>>>>

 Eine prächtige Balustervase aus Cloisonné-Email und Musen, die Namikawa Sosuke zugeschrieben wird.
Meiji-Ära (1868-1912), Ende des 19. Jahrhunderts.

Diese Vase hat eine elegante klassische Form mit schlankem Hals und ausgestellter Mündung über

<<<<
>>>>

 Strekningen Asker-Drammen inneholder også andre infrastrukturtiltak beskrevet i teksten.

<<<<
>>>>

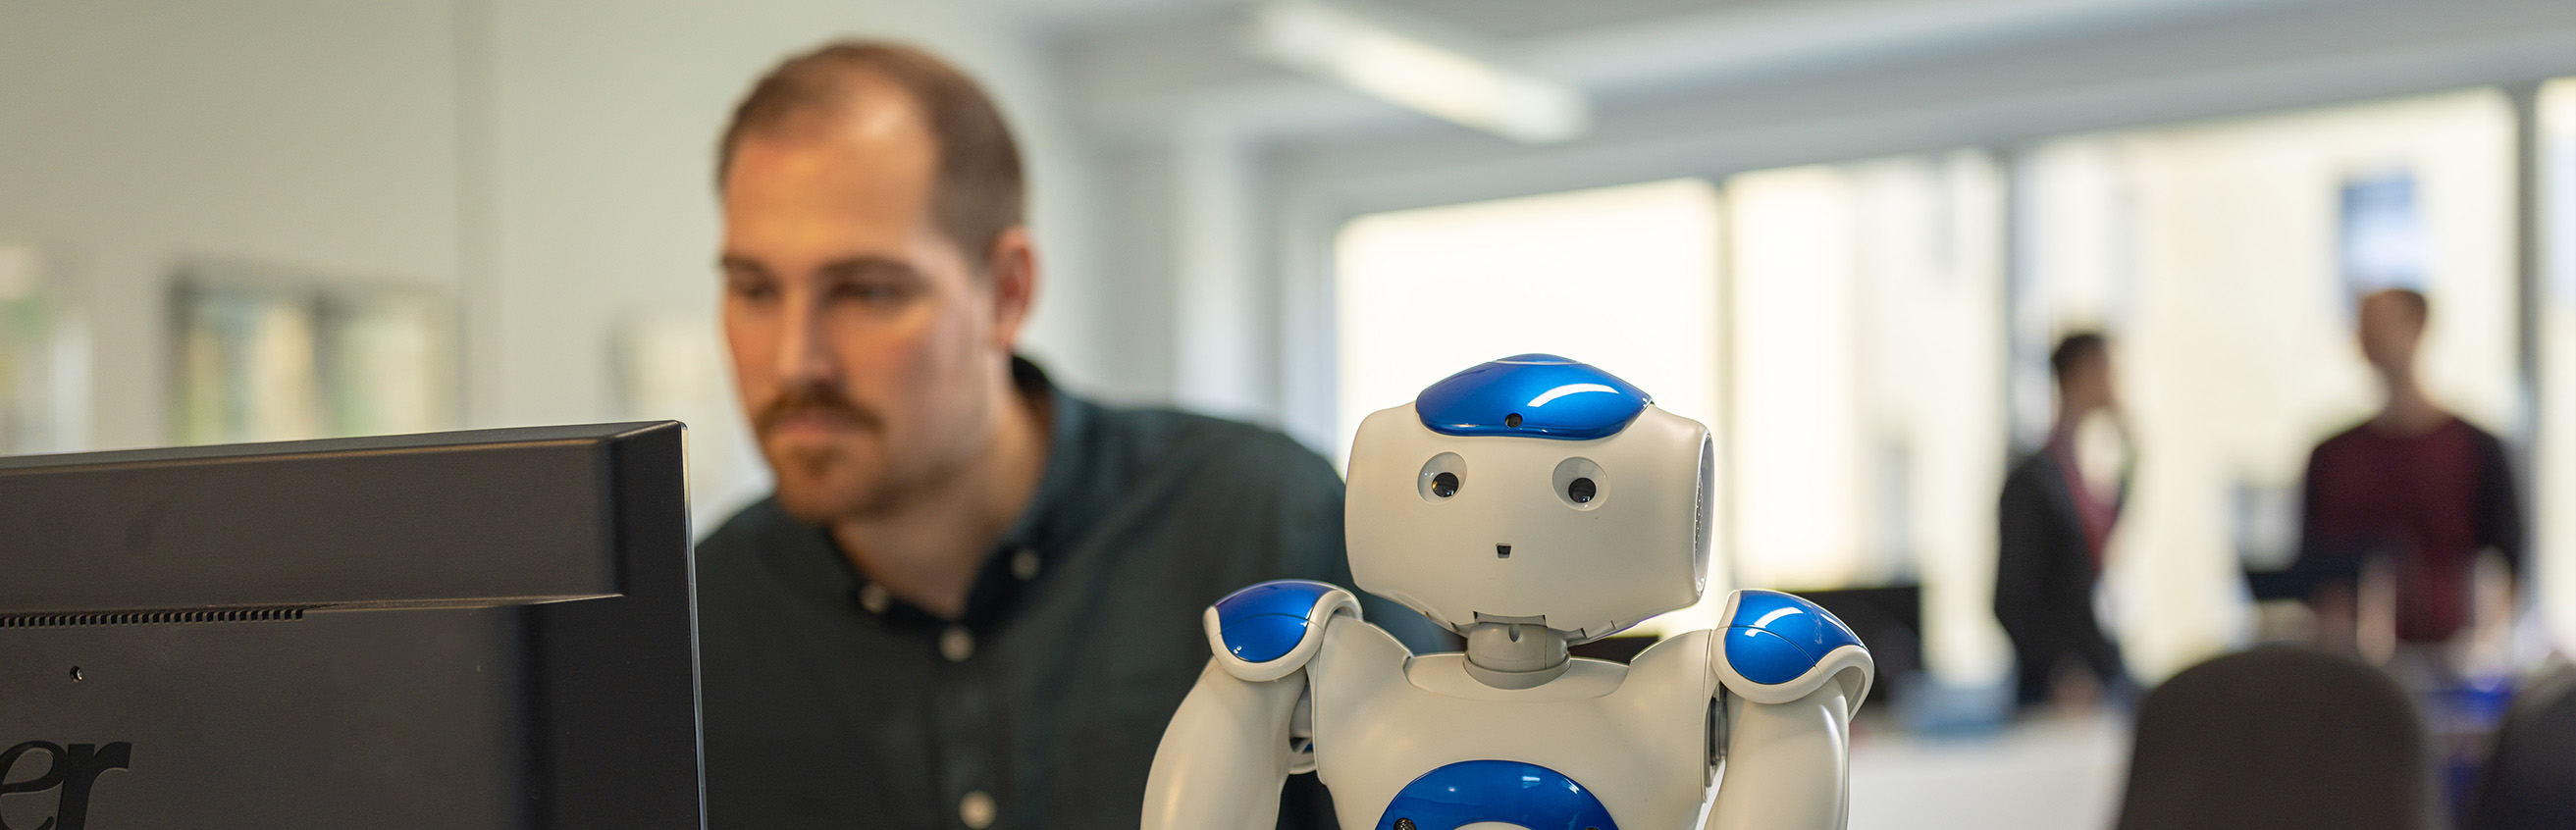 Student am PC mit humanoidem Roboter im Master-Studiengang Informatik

<<<<

EXERCISE INSTRUCTIONS: From the records above, print exactly the lines that run from the line with "Meiji-Ära (1868-1912), Ende" to the line with "Diese Vase hat", inclusive.

WRITTEN SOLUTION:
Meiji-Ära (1868-1912), Ende des 19. Jahrhunderts.

Diese Vase hat eine elegante klassische Form mit schlankem Hals und ausgestellter Mündung über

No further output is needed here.